TASK GOAL: Write each line out exactly, from the one containing "Hedgehog Sonic Logo The" through the final line of the data, and keep pictures out of the copy.

COLLECTED MATERIAL:
============
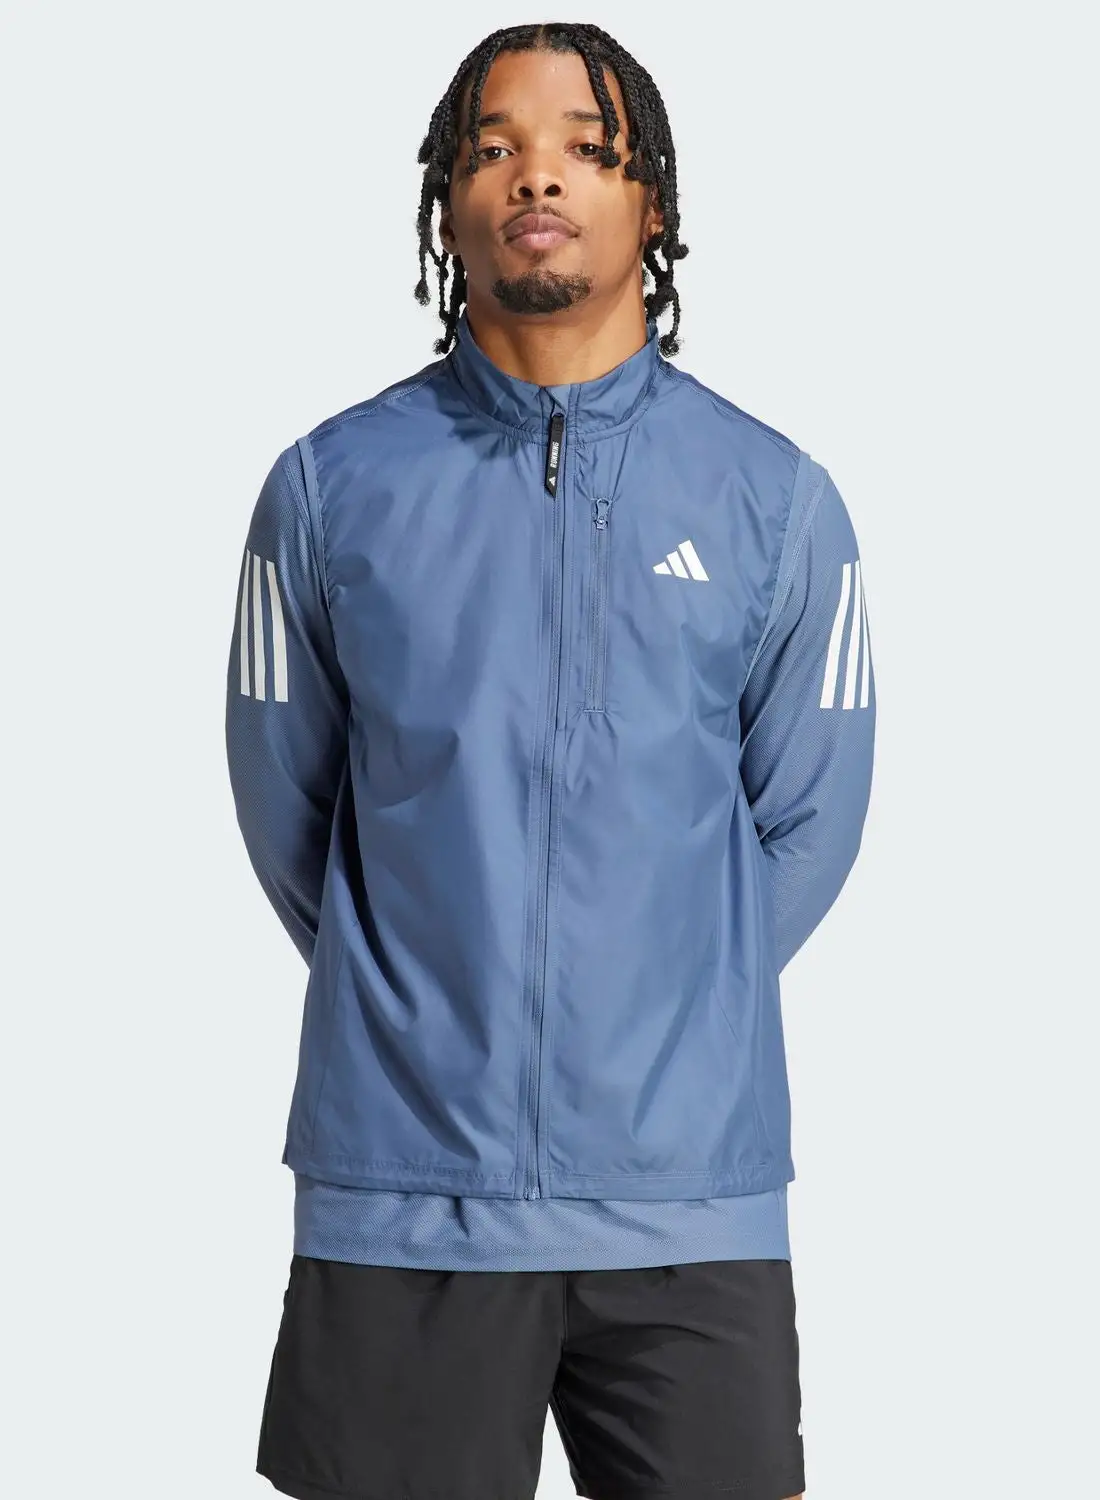 Adidas Own The Run Vest Jacket
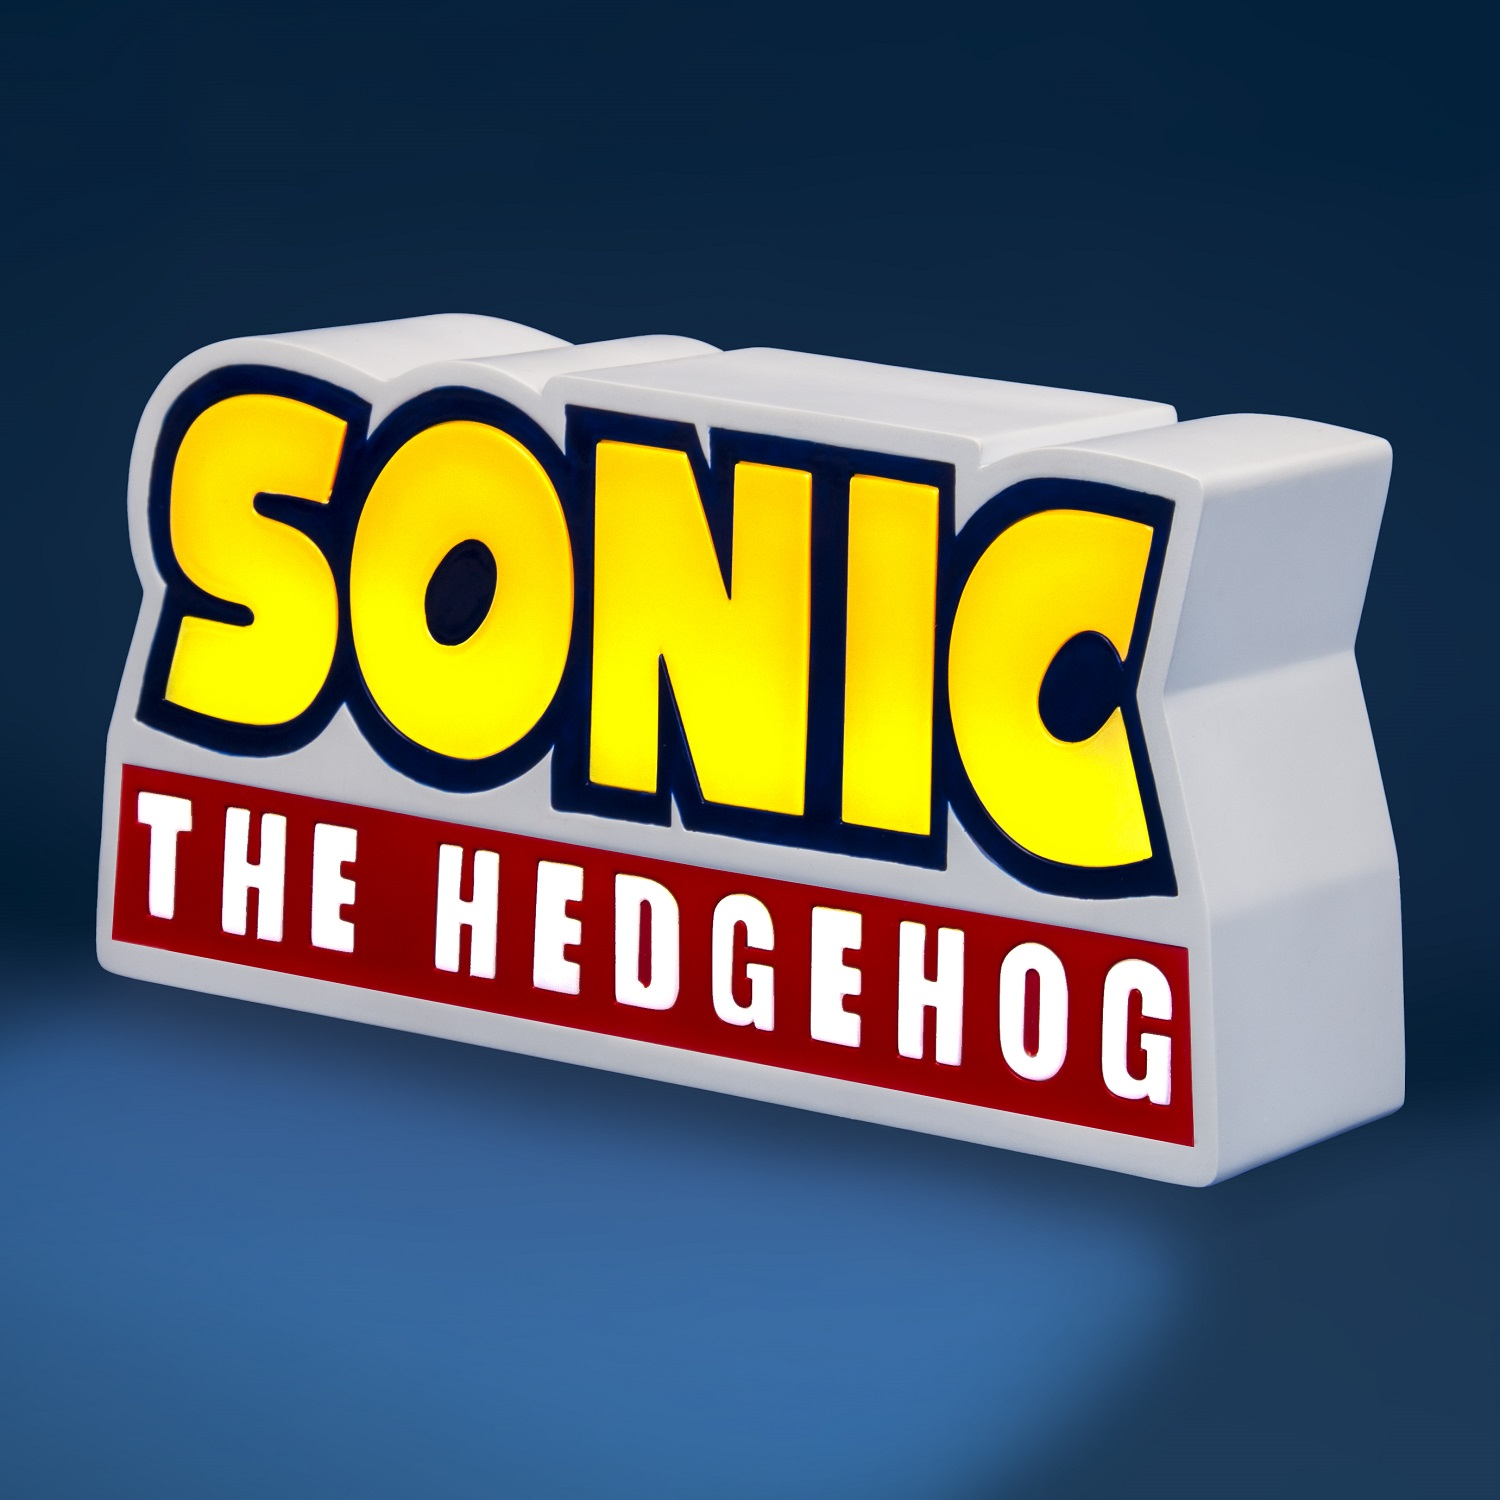 Hedgehog Sonic Logo The
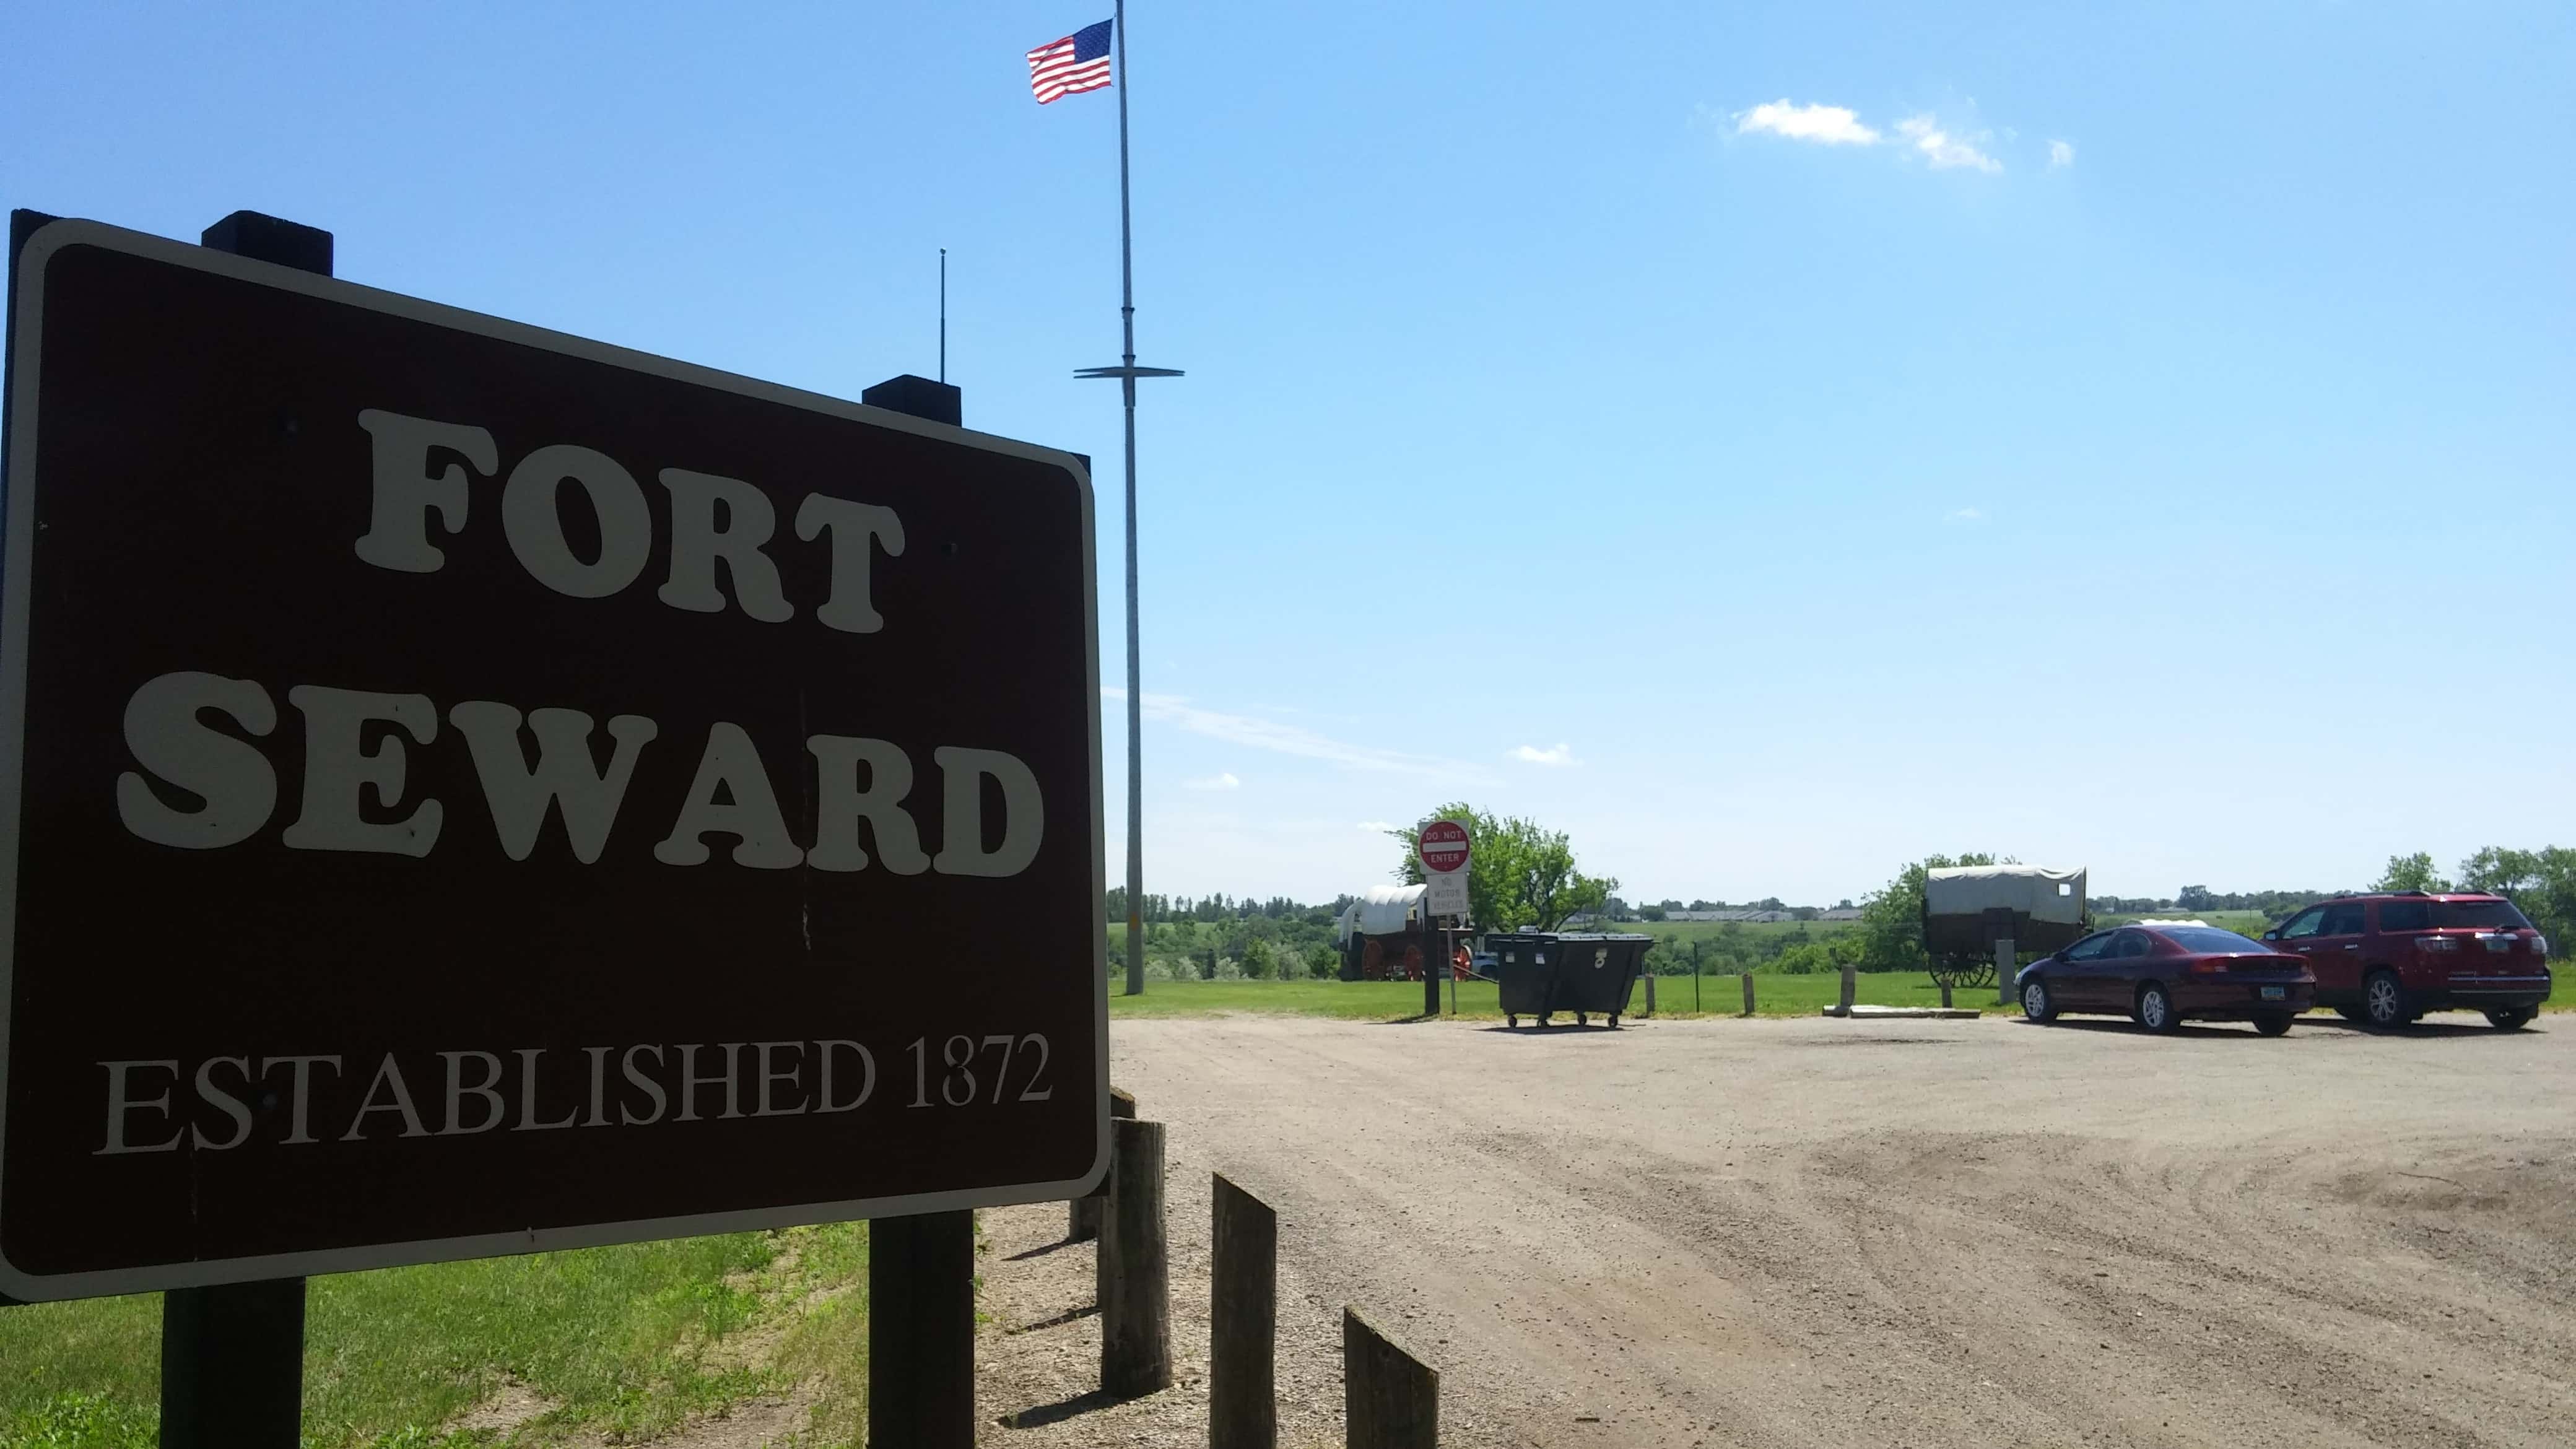 Fort Seward Providing Summer Activities Camping Experience
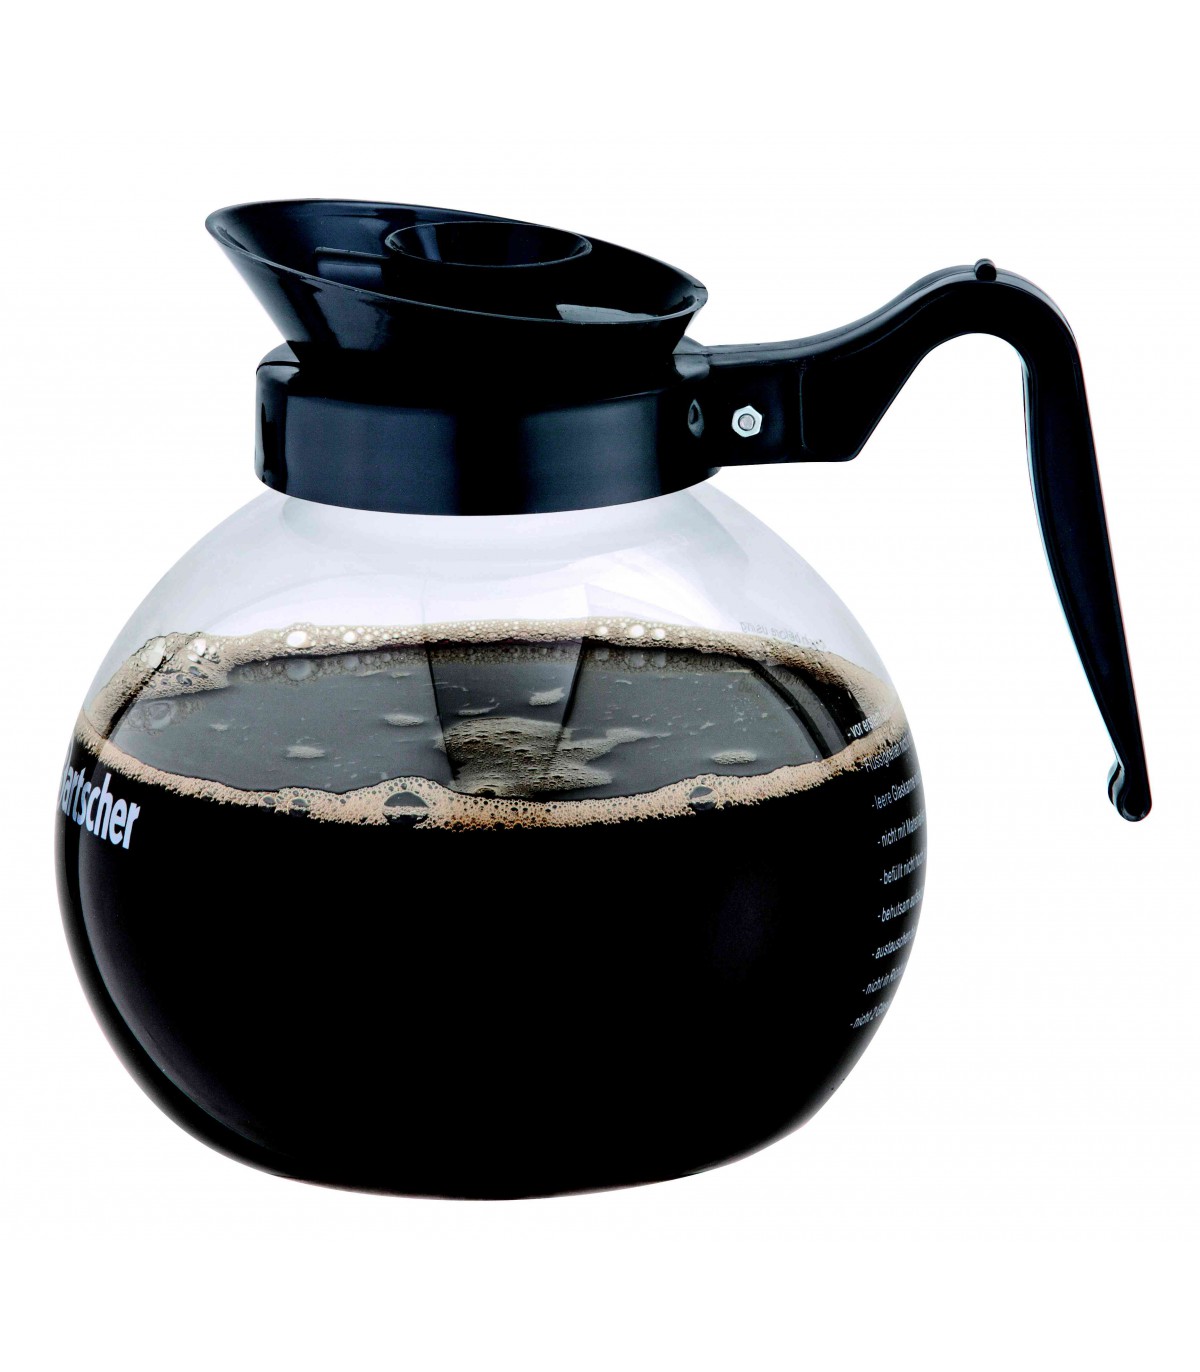 Стеклянная колба для кофеварки. Колба для кофеварки Zauber s-410. Vivax cm-08127w кофеварка стеклянный кувшин. Колба для кофеварка Delta Lux DL-8161 черная. Чайник для кофеварки.
============
EXPECTED OUTPUT:
 Hedgehog Sonic Logo The
 Fort Seward Providing Summer Activities Camping Experience
 Стеклянная колба для кофеварки. Колба для кофеварки Zauber s-410. Vivax cm-08127w кофеварка стеклянный кувшин. Колба для кофеварка Delta Lux DL-8161 черная. Чайник для кофеварки.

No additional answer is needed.